This is freely distributable under the GNU Public License.

Use

---

Use CJK.sty as a package, e.g.

\documentclass{article} \usepackage{CJK} .

Two new environments \begin{CJK}{encoding}{shape} ... \end{CJK} and \begin{CJK*}{encoding}{shape} ... \end{CJK*} are defined:

encoding the following encodings are currently implemented in CJK.enc (for CNS encoding see below):

Bg5 (Big 5) GBs (GuoBiao with simplified characters, G1 = GB 2312-80) GBt (GuoBiao with traditional characters, G1 = GB 12345-90) JIS (Japanese Industry Standard, G1 = JIS X0208-1990) KS (hangul and hanja, G1 = KSC 5601-1987) utf8 (UTF 8 (Unicode Transformation format 8), also called UTF 2 or FSS-UTF)

The encodings (except Big 5 and UTF 8) are simplified EUC (Extended UNIX Code) character sets without single shifts. The character set slot G1 stands for two byte encodings with byte values taken from the GR (Graphic Right) character range 0xA1-0xFE (as defined in ISO 2022).

For compatibility with the pmC package these additional encodings are defined: pmC-Bg5, pmC-GBs, pmC-GBt, pmC-JIS, and pmC-KS. It's not encouraged to use these encodings because of wasting fonts. If possible, convert your original CJK-bitmaps with hbf2gf (see below) to CJK-encodings.

shape It is impossible to know what fonts are available at your site; look at the example .fd-files how to create appropriate .fd-files suiting your needs. If you use the KS environment, this parameter is unused (see below).

The CJK* environment will swallow unprotected spaces and newlines after a CJK character, whereas CJK will not.

This is a very realistic example:

\begin{CJK*}{GBs}{kai} ... Text in GuoBiao encoding ... \end{CJK*}

How it works ------------

Asiatic logographs can't be represented with one byte per character. (At least) two bytes are needed, and the most common encoding schemes (GB, Big 5, JIS, KS etc.) have a certain range for the first byte (usually 0xA1-OxFE or a part of it) which signales that this and the next byte represents an Asiatic logograph.

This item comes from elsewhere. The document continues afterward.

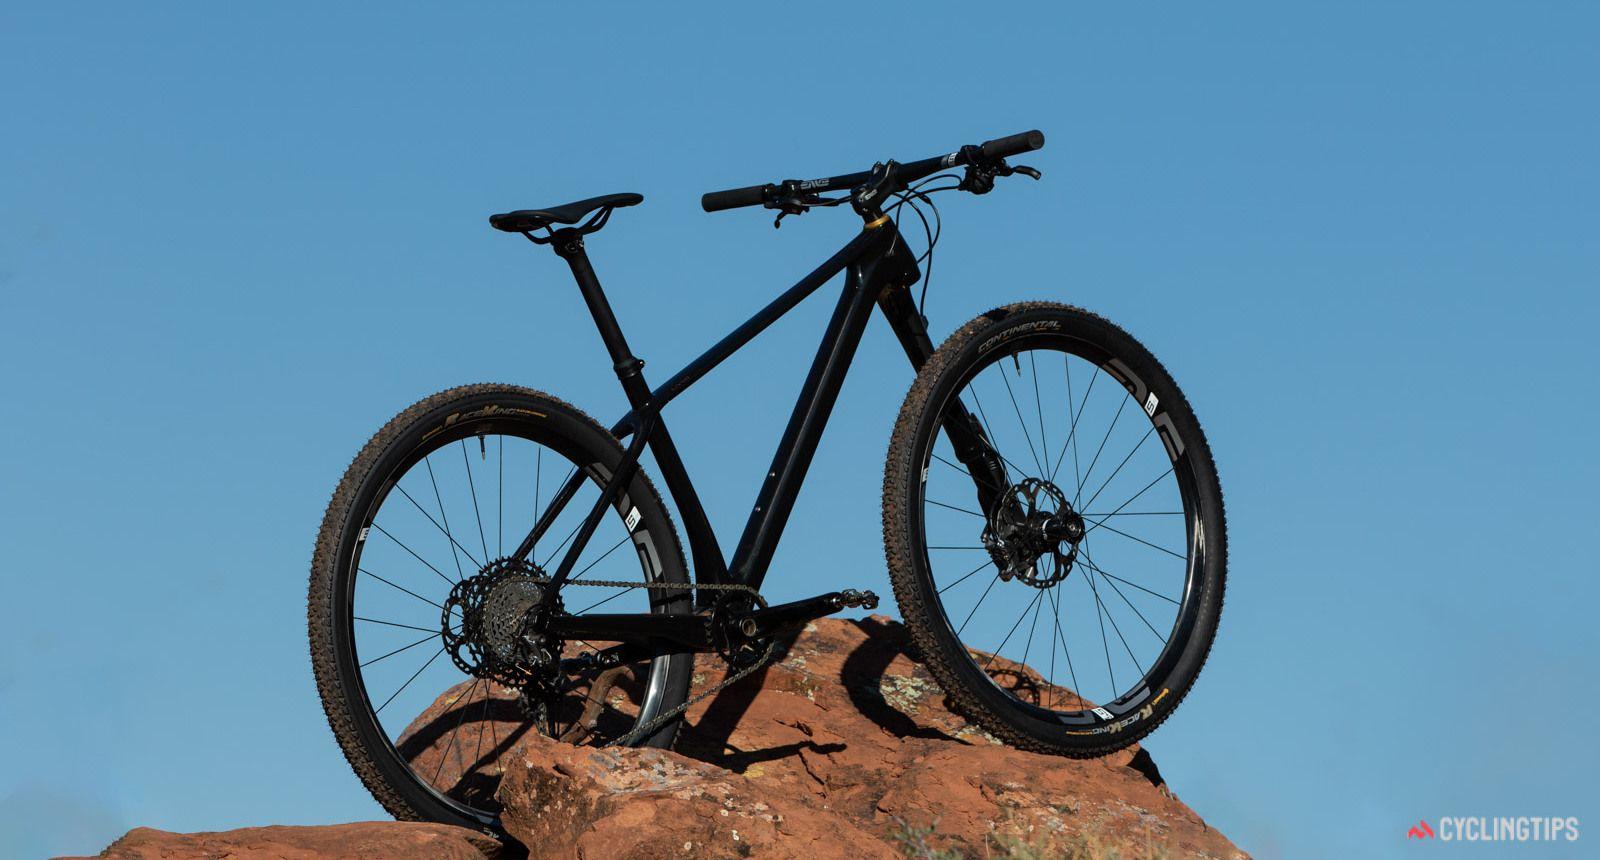 Gravel Bike Versus Mountain Bike

This means that plain ASCII-text (i.e. characters between 0x00 and 0x7F) will be left undisturbed, and most characters of the extended ASCII character set (0x80-0xFF) will be assigned to a CJK encoding.

Due to the internal architecture of TeX it is impossible to support ISO 2022 escape sequences as used with MULE (Multi Language Emacs). MULE is a common extension of GNU-Emacs to support many non-English scripts, including Chinese, Japanese, Korean, Hebrew etc.

CJK.sty will make the characters 0xA1-OxFE active inside of an environment and assigns the macros \CJK@char and \CJK@charx to the active characters which select the proper font. The real mechanism is a bit more complicated to assure robustness (it was borrowed and modified from german.sty) and correct handling of punctuation characters.

The encodings -------------

CJK.sty defines internally \CJK@standardEncoding, \CJK@Bg5Encoding, \CJK@KSEncoding, \CJK@utf8Encoding, and for compatibility with pmC, \CJK@pmCsmallEncoding and \CJK@pmCbigEncoding.

\CJK@standardEncoding will be used for encodings with the second byte in the range 0xA0-0xFE (GB, JIS).

\CJK@Bg5Encoding will be used for Big 5 encoding (e.g. NTU fonts) with the second byte in the range 0x40-0xFE.

\CJK@KSEncoding will be used for KS encoding. Two sets of subfonts are defined, one for Hangul syllables and elements, and a second for Hanja. For more details see below.

\CJK@utf8Encoding will be used for Unicode in UTF 8. The first byte is in the range 0xC0-0xDF for two byte values and in the range 0xE0-0xEF for three byte values. The other bytes are in the range 0x80-0xBF. Note that CJK expects two hexadecimal digits as a running number in the font name instead of two decimal digits. Use the option `unicode on' if you use hbf2gf to transform bitmap fonts in HBF format to .pk fonts as used by CJK.sty .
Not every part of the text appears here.